Tuesday, August 18, 2009
I guess I've lucked out in this regard. From reading posts and comments by other writers, apparently, it's fairly common to cycle between happy with one's writing and unhappy with it. Or more aptly put, to cycle between thinking one is amazing and one should just burn all the pencils and paper in the house to prevent ever putting words to paper again. And delete Word from the computer. And bandage one's hands together so not even the blood from a finger tip could be used to scrawl out a few written words.
I usually like what I write, thus, I'm happy with it.
If I 'm not, I fix it. But I'm no longer as averse to editing as I once was, so if I've written dreck-- perhaps mind-scrapings at the end of a long day just so that I can say I've written something-- I know that I can clean it up later. Usually, there's something that can be salvaged, even in dreck. Except that one story... which will never be spoke of again. What story?
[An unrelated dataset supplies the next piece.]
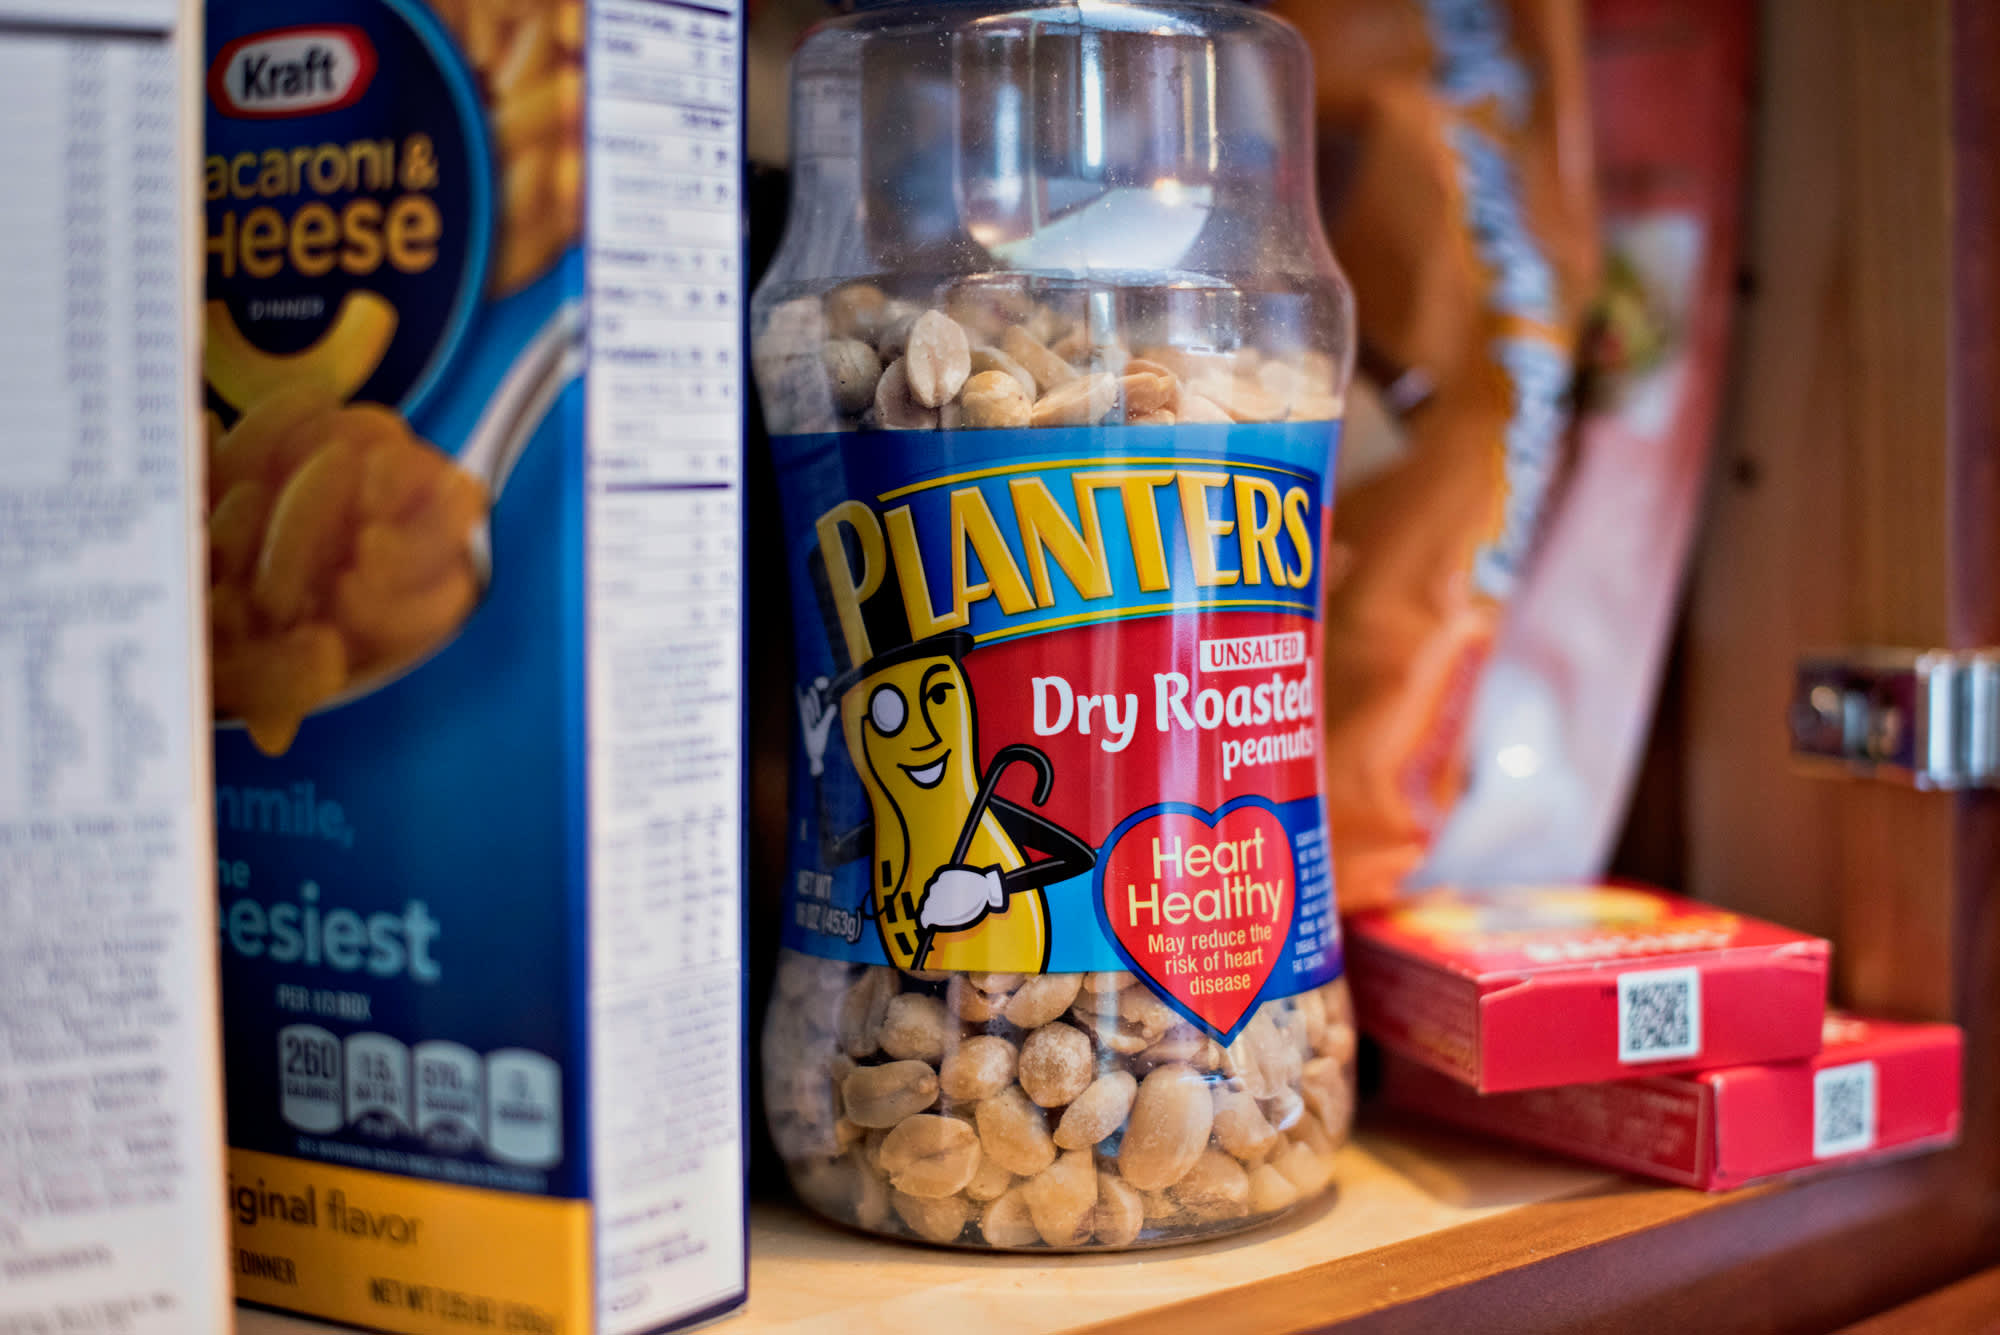 Kraft Heinz is reportedly in talks to sell Planters for $ 3 billion to Hormel

You know, some people go watch those cheesy "horror" movies that have turned the definition of horror from shocking to gore-fest. And people enjoy it. I'm guessing either the makers are complete sellouts, or, more likely, they actually like what they've created and think it's worth watching.
Not everything I write is laugh-out loud/ stare in wonder goodness. But overall, when I completely finish a story (all revised, etc.) then I am happy with it. I think it's good. I like what I have created.
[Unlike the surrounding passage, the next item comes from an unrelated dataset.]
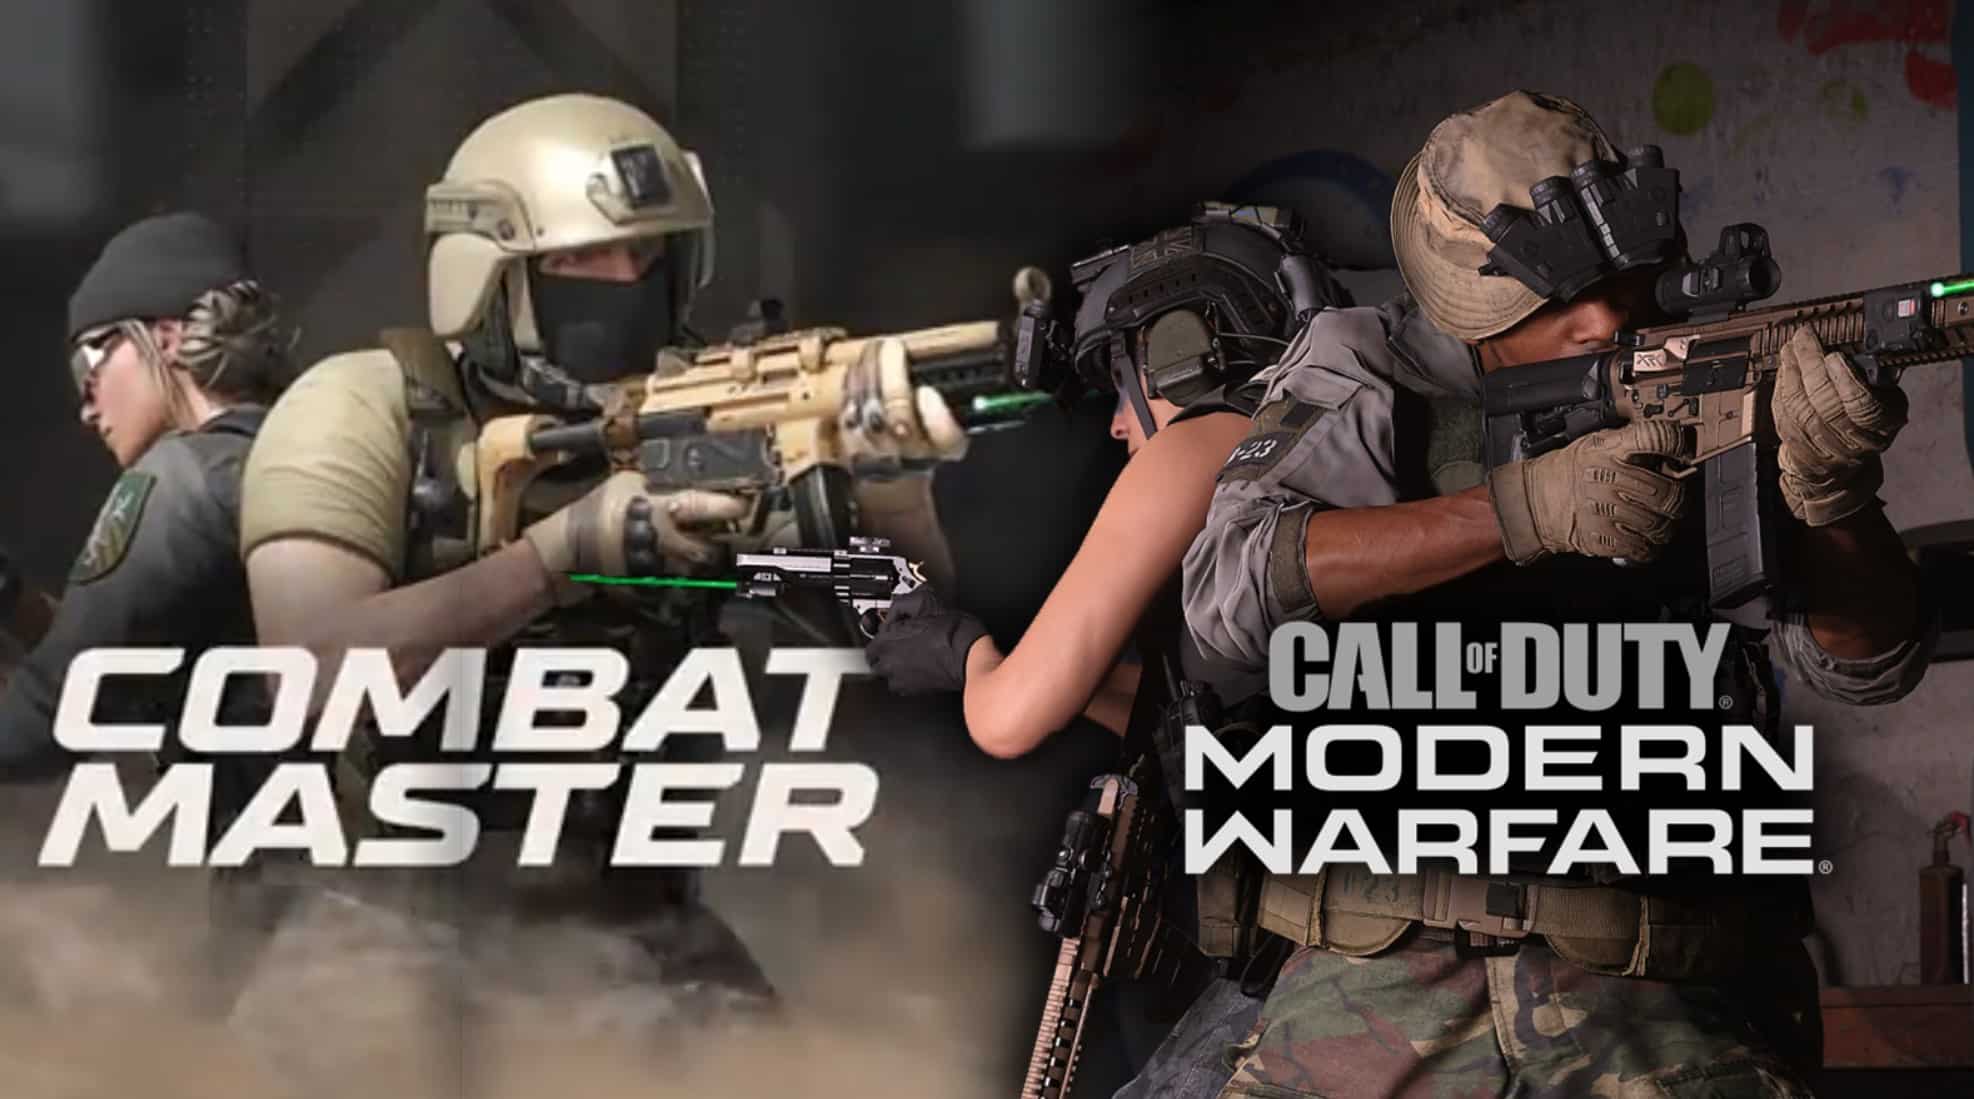 Combat Master is a cheesy indie free to play Call of Duty

The problem, however, lies in aligning what I like with what publishers are looking for. My husband tells me rather frequently that I'm not like other people. (He says it's why he picked me. I say he better say that or that $100k bounty life insurance policy will be looking mighty nice!) I mean, I liked Pepsi Crystal when it was out!
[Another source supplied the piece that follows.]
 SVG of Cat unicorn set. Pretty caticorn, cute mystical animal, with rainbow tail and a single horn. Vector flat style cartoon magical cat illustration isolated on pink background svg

Maybe this is a problem. Maybe because I like what I've written, I don't see where it's failing. Of course, it doesn't help that there is so little out there-- in books and movies-- that I do actually write. I have particularly tastes. Writing the book I want to read means writing something that I have not yet found anywhere in books or movies. I still like what I've written. Even if it doesn't fit with what others-- what publishers-- want.